The advantage of becoming a historic district is that building owners will now be able to take advantage of State and Federal tax credits to restore and maintain these structures. (And we’re not talking about chump change here. The financial benefits can be quite substantial.) Though the Secretary of the Interior Standards for rehabilitation will have to be followed for those seeking such benefits, building owners are still allowed to do whatever they’d like with their buildings. (If you don’t maintain the historic nature of the structure then you don’t get the financial help and you will no longer own a contributing building within the district, but it’s your building to alter as you please.)

A before and after photo of the Arcadia Hotel in downtown Loveland, Colorado.

Despite the fact that property owners can modernize their buildings, many recognize the value in restoring, rather than remodeling these Loveland treasures.

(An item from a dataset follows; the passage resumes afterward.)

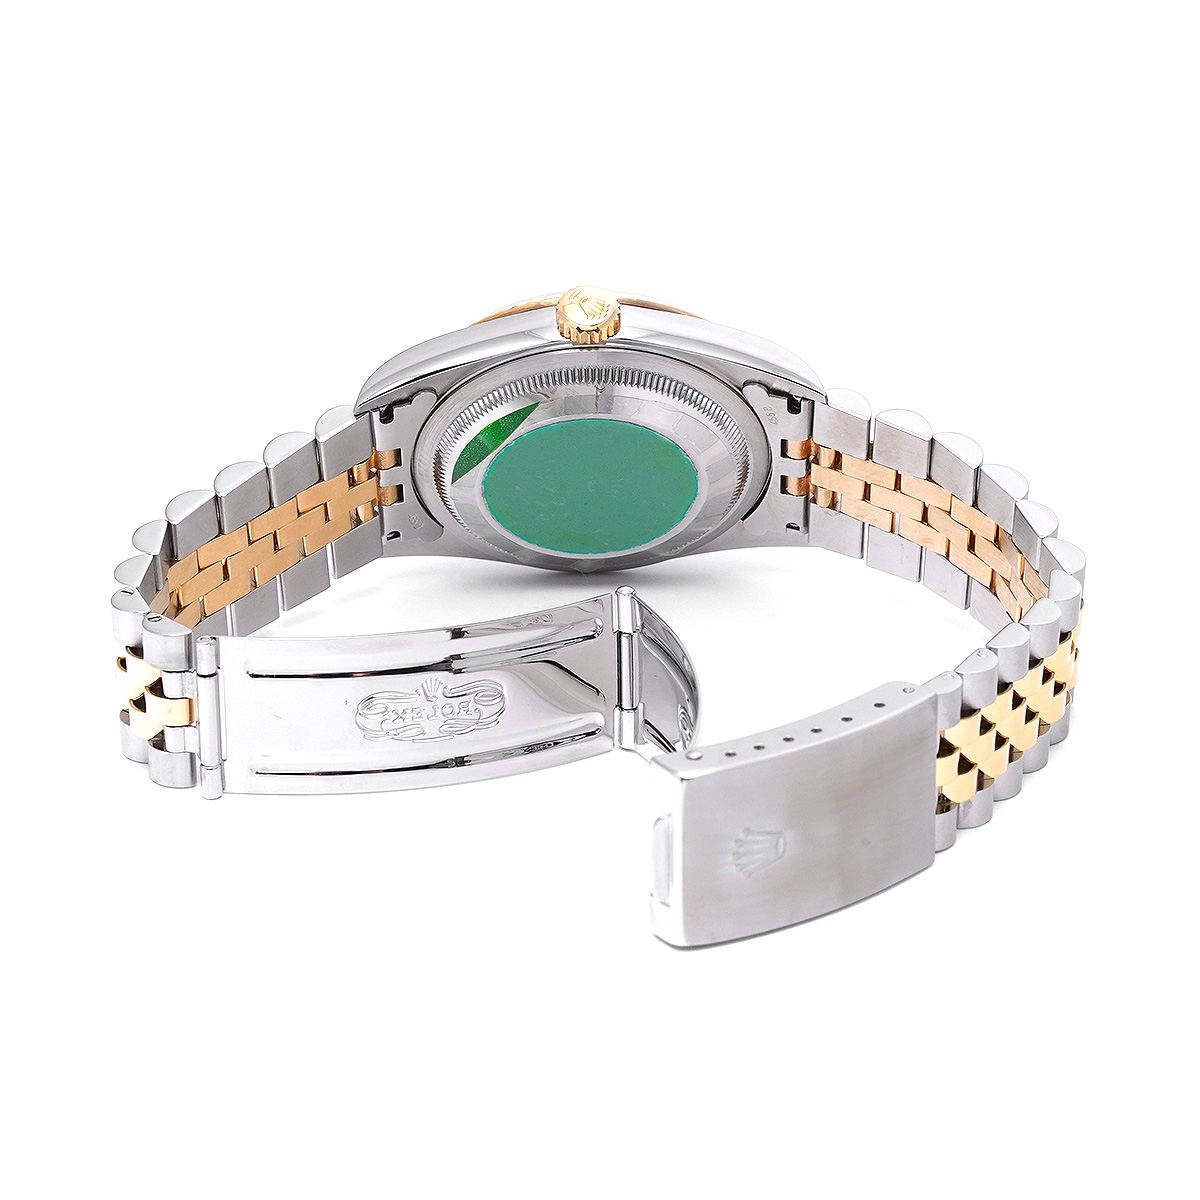 ロレックス ROLEX 16233G T番(1997年頃製造) シャンパンコンピュータ /ダイヤモンド メンズ 腕時計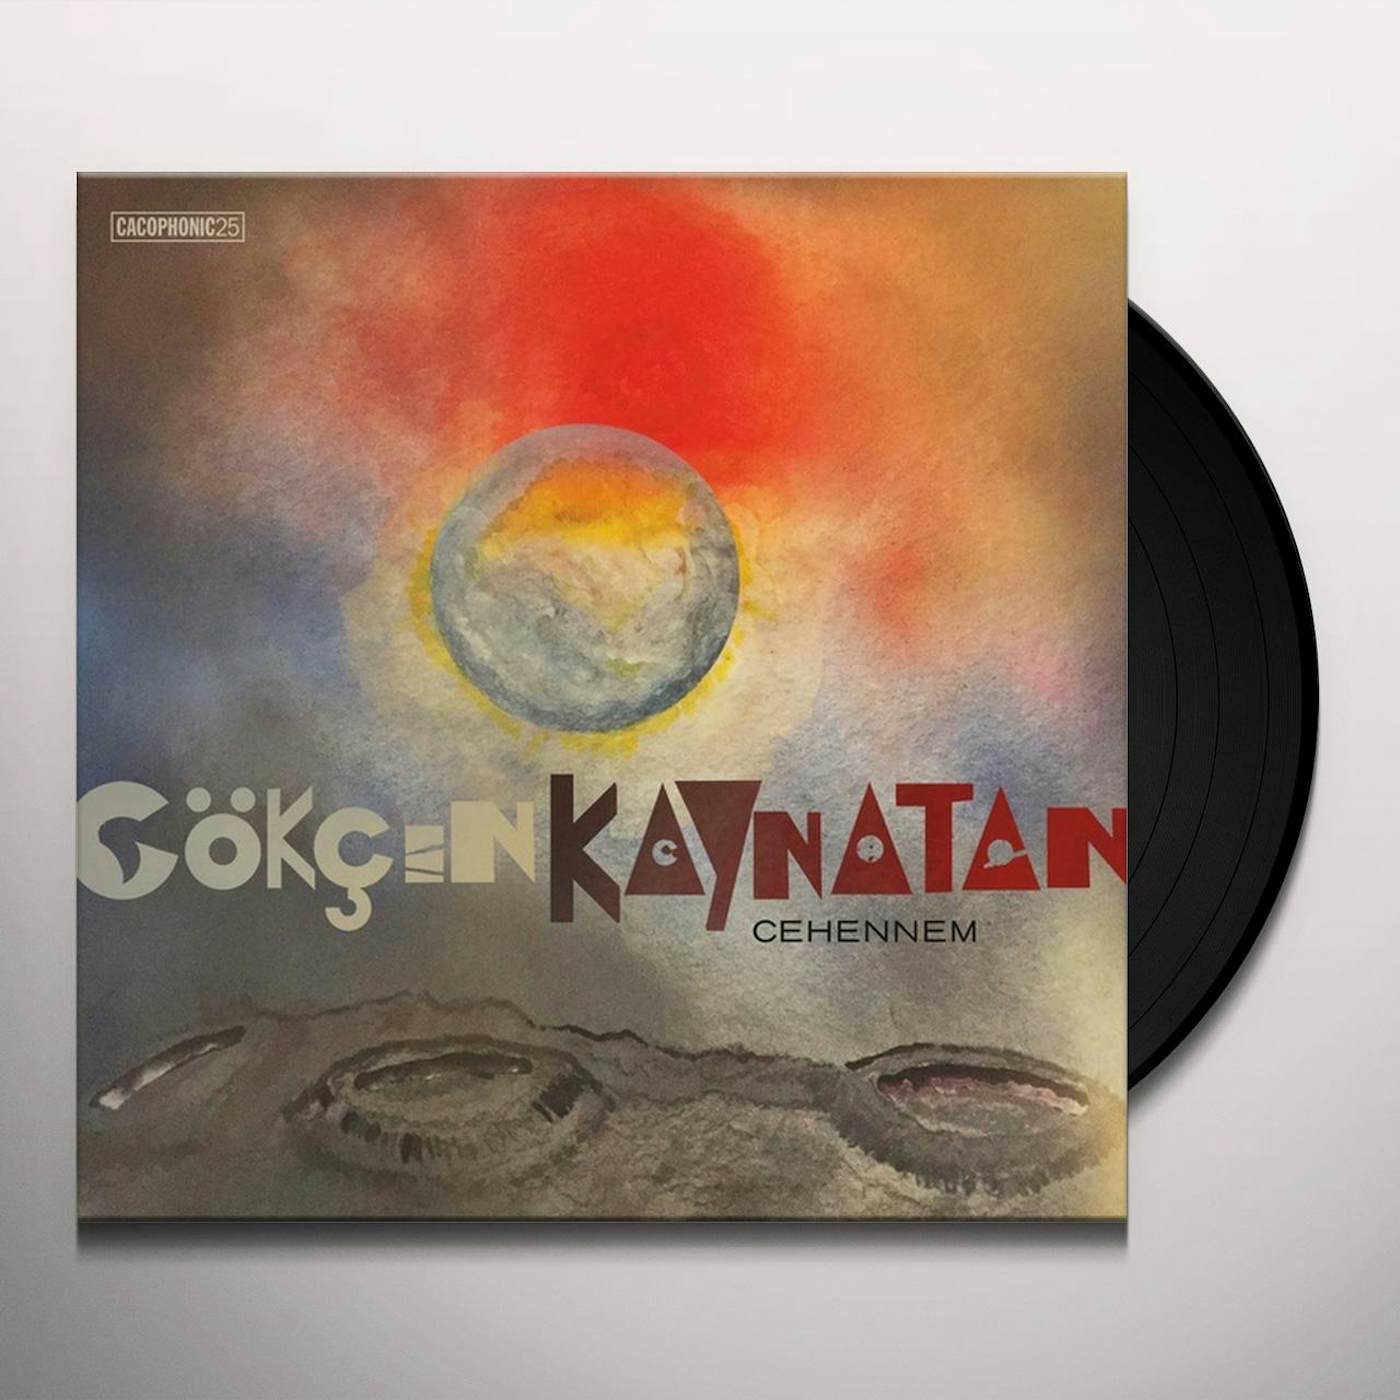 Gökçen Kaynatan Cehennem Vinyl Record

The Old Town Historic District in Fort Collins was added to the National Register of Historic Places in 1978 and the city has seen substantial economic benefits as a result. (In fact, the district was used as a case study in a History Colorado document entitled, “The Economic Power of Heritage in Place: How Historic Preservation is Building a Sustainable Future in Colorado (pdf).”) So it’s likely that the City of Loveland will see a similar economic benefit as building owners begin to take advantage of the tax credits and restore the historic facades of their property.

Historic districts are often a win-win for all involved, even owners of non-contributing properties. It will be exciting to watch Loveland’s downtown area become increasingly vibrant and active as local businesses take advantage of being located in charming historic buildings where residents come to shop, stroll, and enjoy the sense of walking back in time in downtown Loveland.